Open samarth12 opened 3 years ago

samarth12 commented 3 years ago

I ran the standard example and walk through it in the debugger.

from jiwer import wer

ground_truth = "hello world"
hypothesis = "hello duck"

error = wer(ground_truth, hypothesis)

In the steps, it uses the _preprocess() function to convert the words/tokens into integer representations.

hello world is converted to \x00\x02 and hello duck is converted to \x00\x01. Then the Levenshtein distance is calculated on these strings rather than the original words. I am not sure how that maps to the original definition of Word Error Rate.

Can somebody explain to me what is happening?

nikvaessen commented 3 years ago

Informally, the Levenshtein distance between two words is the minimum number of single-character edits (insertions, deletions or substitutions) required to change one word into the other. (https://en.wikipedia.org/wiki/Levenshtein_distance)
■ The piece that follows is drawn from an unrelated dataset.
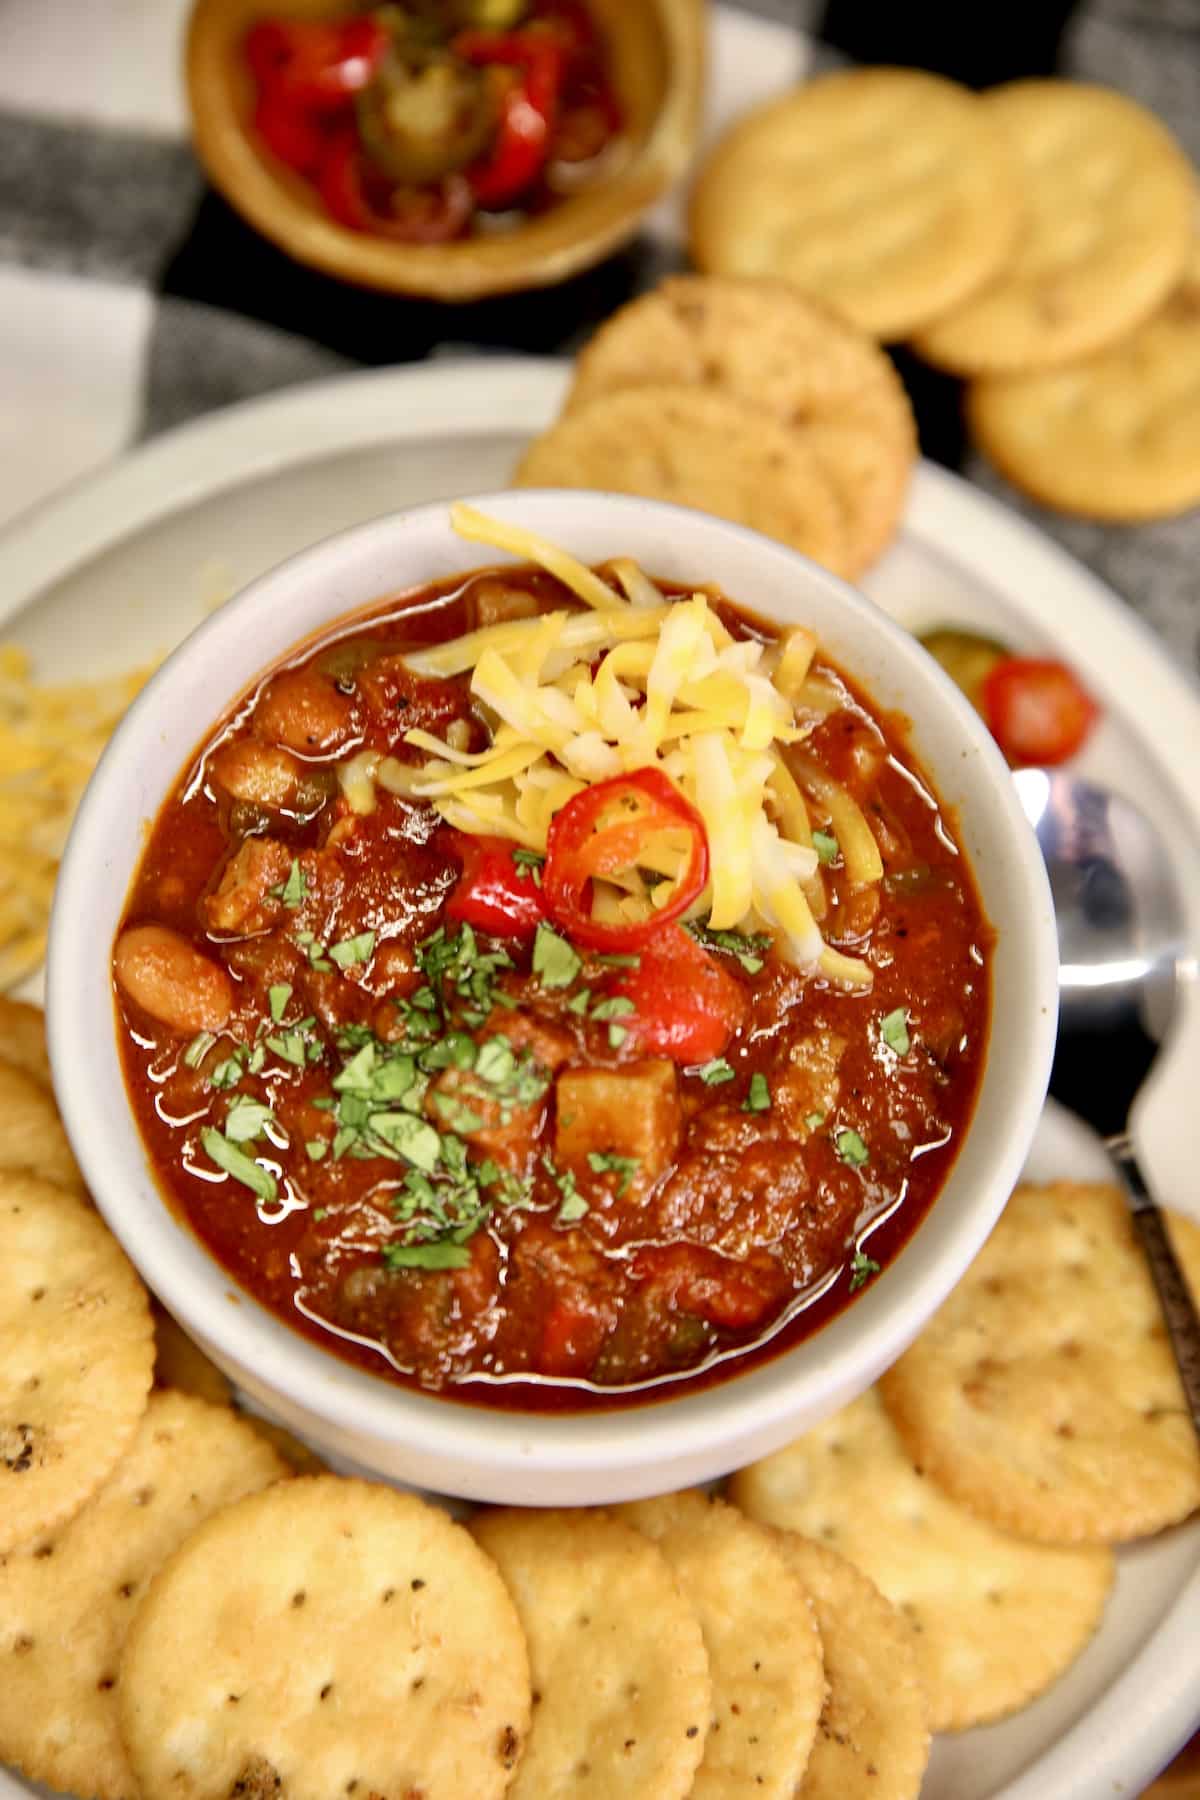 Brisket chili with crackers.
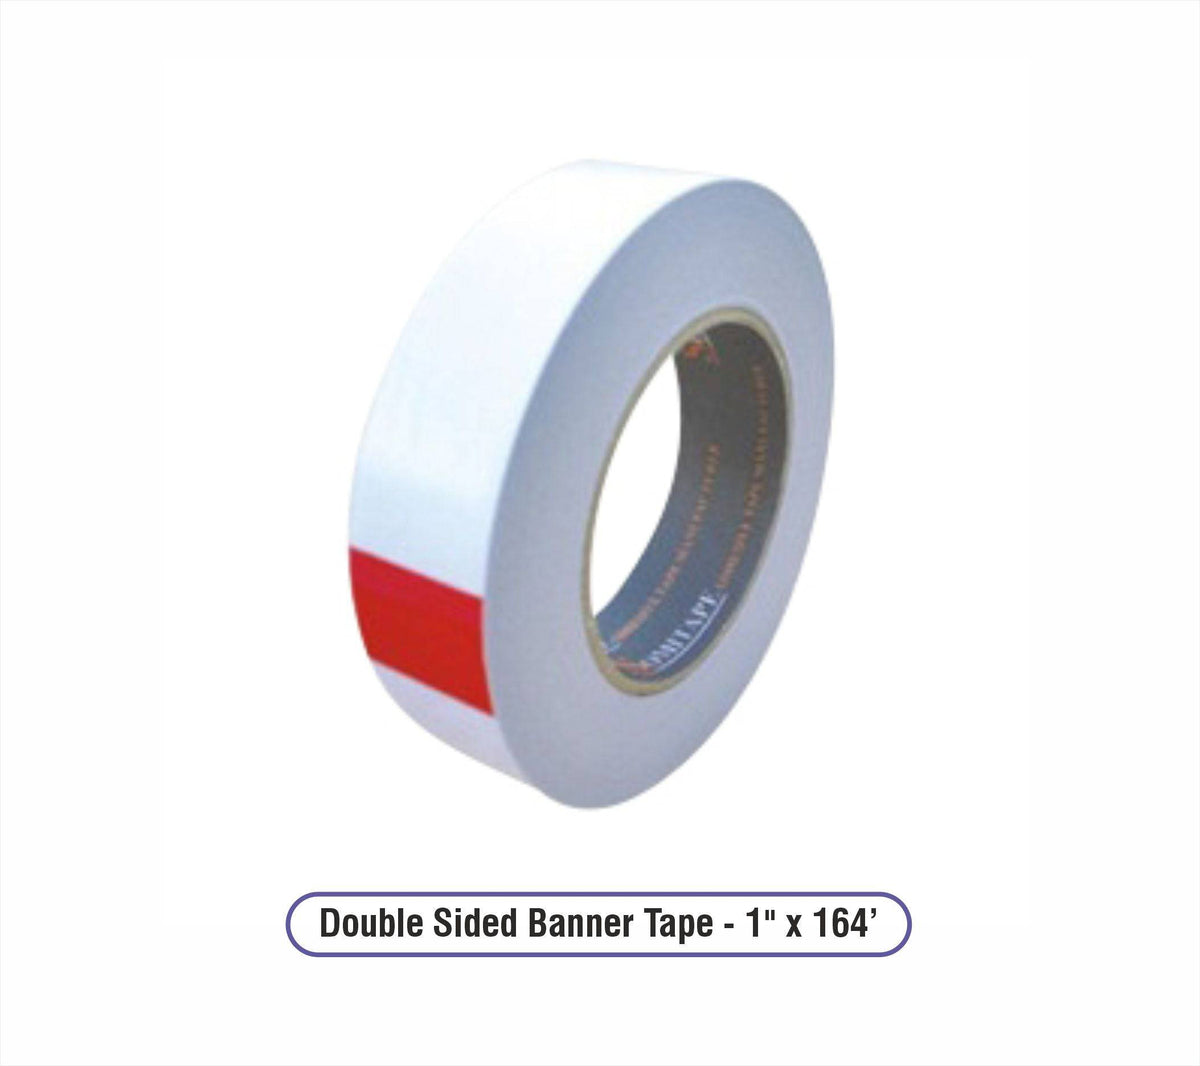 Double Sided Banner Tape - 1" x 164’ - PrintBanners

Due to the fact that we convert each word in a sentence to an unique integer such as \x00, the ground truth and hypothesis sentences become two "words" of integer tokens. We can then use the Levenshtein distance to calculate the insertions (I), deletions (D) or substitutions (S) required to change the hypothesis "integer word" into the ground truth "integer word". We can than simply plug the S, D, and I values we found in the WER formula.

samarth12 commented 3 years ago

Oh, I realized this a little late, the Levenshtein distance in WER is calculated on words rather than characters. So that is done to convert each word into a unique ID, makes sense now. Thank you!